Blood on the Marsh (DI Susan Holden 3)
Page 67
‘I only needed to hit him once. He went down like a sack of potatoes.’
‘And then what?’
‘I thought he was dead. I dragged him onto the rails. I wanted to be sure. I wanted to watch him be obliterated.’
She fell quiet, and a smile crept across her face as she remembered. She shook her head as if she could barely believe what she was remembering, and she laughed. ‘Then he gave a groan. Christ, he didn’t half make me jump. If I’d had the hammer with me still, I’d have given him another thump, but I’d had to put it down while I dragged him onto the tracks, the fat bastard. What I did have in my pocket was some garden wire. In case I’d needed to tie his hands with it. It’s very handy stuff, garden wire. So I pulled his stupid bloody woollen hat over his face in case he opened his eyes, and I looped the wire under a sleeper and then round his leg several times. His left leg I think it was. And then I sat on top of him. I could hear a train, so I waited, and when I saw its lights and I knew for sure it was coming straight for us, I got off him and walked over to the bushes. It was dark, but I could see enough. I saw him clutching at his hat, trying to pull it off his face. I saw him stagger to his feet, and I saw and heard him die.’ She had a faraway look on her face, the look of someone remembering, and enjoying the memory.

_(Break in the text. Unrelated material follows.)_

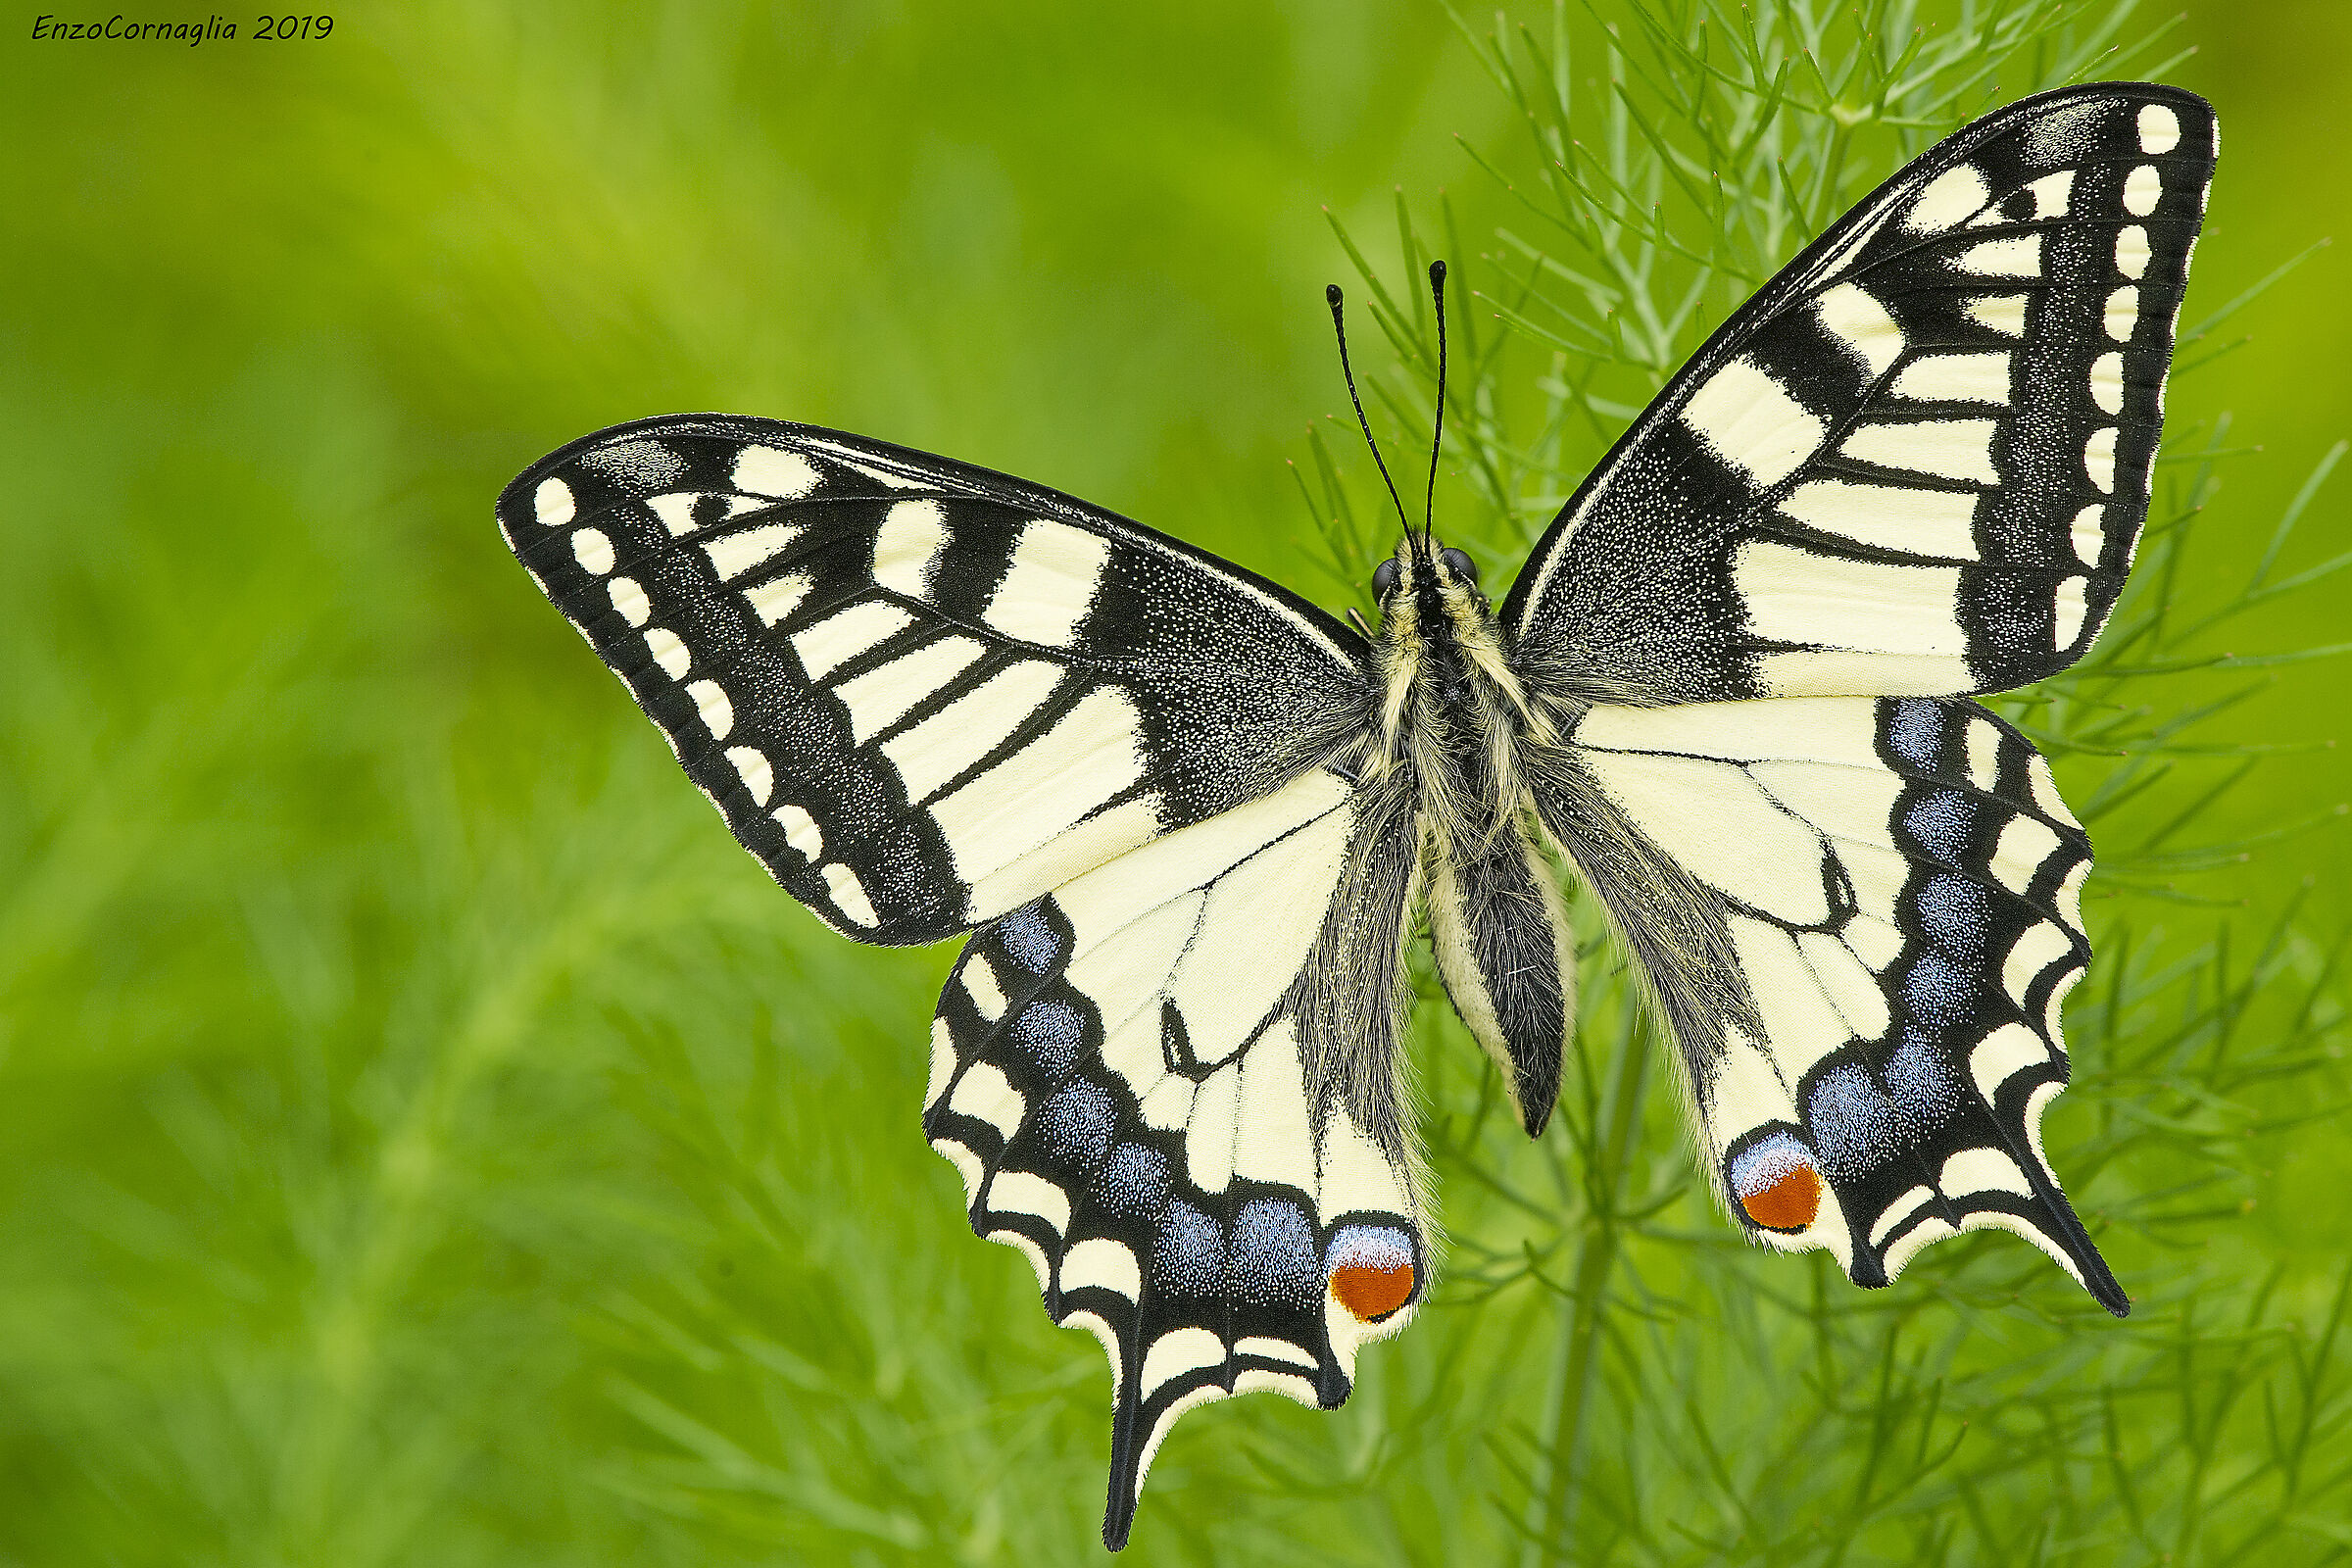 The Papilio Machaon...

She rocked forward. ‘Is that enough detail, Inspector?’
Holden flinched. ‘Yes, thank you.’
‘Is that it, then?’
‘Is there anything else you’d like to tell me?’

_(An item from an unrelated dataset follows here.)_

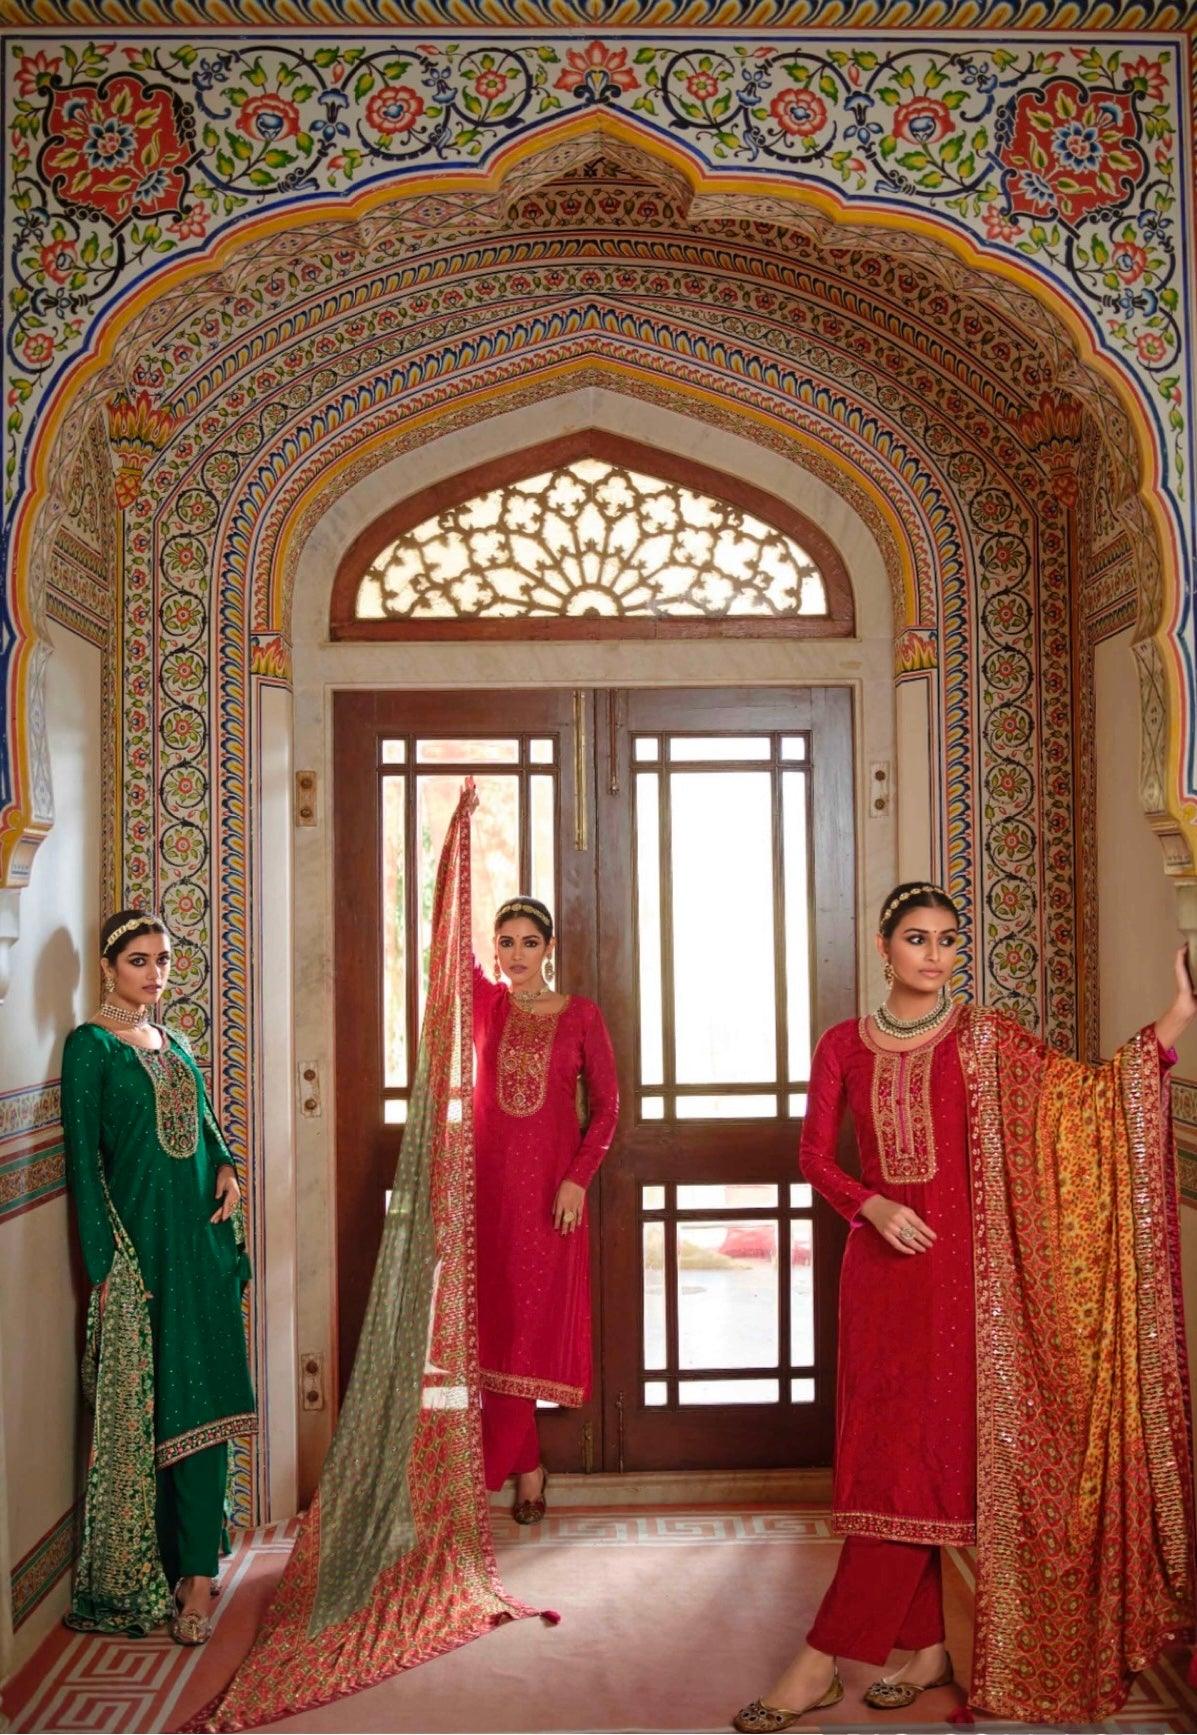 Crimson Red jacquard silk shirt with embroidery shalwar Kameez suit dress with Chiffon Dupatta, M L - Diana's Fashion Factory

Maureen frowned. ‘I don’t think so.’
‘Did you kill Nanette too?’
The question seemed to startle her. ‘Nanette, no of course not. Why would I?’
‘Money, maybe?’
Maureen eyes narrowed. They were hard eyes, Holden reckoned, behind which a formidable woman lay. A tough woman, capable of who knows what. Lying certainly. And more if necessary. ‘If,’ Maureen said, ‘you want my opinion, I think Jim did it.’
‘What makes you think that?’
‘Like you say, money. Jim was short of it, whereas his mother had money in the bank. The only problem was the nursing home fees were racing their way through her savings like a bush fire.’
‘So you knew this, but said nothing?’
‘Hey, that isn’t what I said. I don’t know. It’s just that it makes sense.’
‘I need proof.’
Maureen considered this for at least ten seconds. She sat back and massaged the bridge of her nose with her thumb and forefinger. ‘Not proof. Intuition. Woman’s intuition.’
‘Intuition doesn’t tend to stand up in court.’
‘Well it bloody well should do.’
Holden smiled. ‘I agree. But unfortunately I don’t make the law. I merely enforce it.’
Maureen grunted, unimpressed. An uncertain silence descended.
Holden looked down and inspected her fingers. Not that there was much to inspect on them. She wore no rings, the nails were cut short and were unpainted, and there were no discernible spots or lumps that might have been worth inspection. Eventually, she raised her head: ‘You see, Maureen, I have another theory. Would you like to hear it?’
Maureen shrugged. ‘If you want.’
‘My theory is that you are lying through your teeth.’
Maureen returned Holden’s stare. If there was any emotion in her face, it was well hidden. She said nothing. Cat and mouse watching each other, though who was cat and who was mouse was hard to say.
‘My theory is this,’ Holden continued. ‘That you are lying to protect your son. That you know that it was he who put the morphine in the whisky flask. I also have a theory that it wasn’t you who killed your husband or Greenleaf, but David. And you know that too. And yet you are prepared to lie for him, and to take his punishment, to prove that you love him.’
Maureen shook her head in an exaggerated gesture of disbelief. ‘That’s plain ridiculous. You haven’t a shred of evidence to link David to any of the deaths. And why on earth would he have killed Greenleaf? What’s his motive, Inspector?’
‘Love for his mother, of course, Maureen. That is to say, love for his birth mother, Bella.’ Holden let this sink in for several seconds, and wondered if perhaps Maureen really hadn’t considered this as a possibility. Then she continued. ‘Greenleaf got Bella suspended from work after she laughed off his sexual performance. She told David about it, and he killed Greenleaf for her. It seems a strong motive to me.’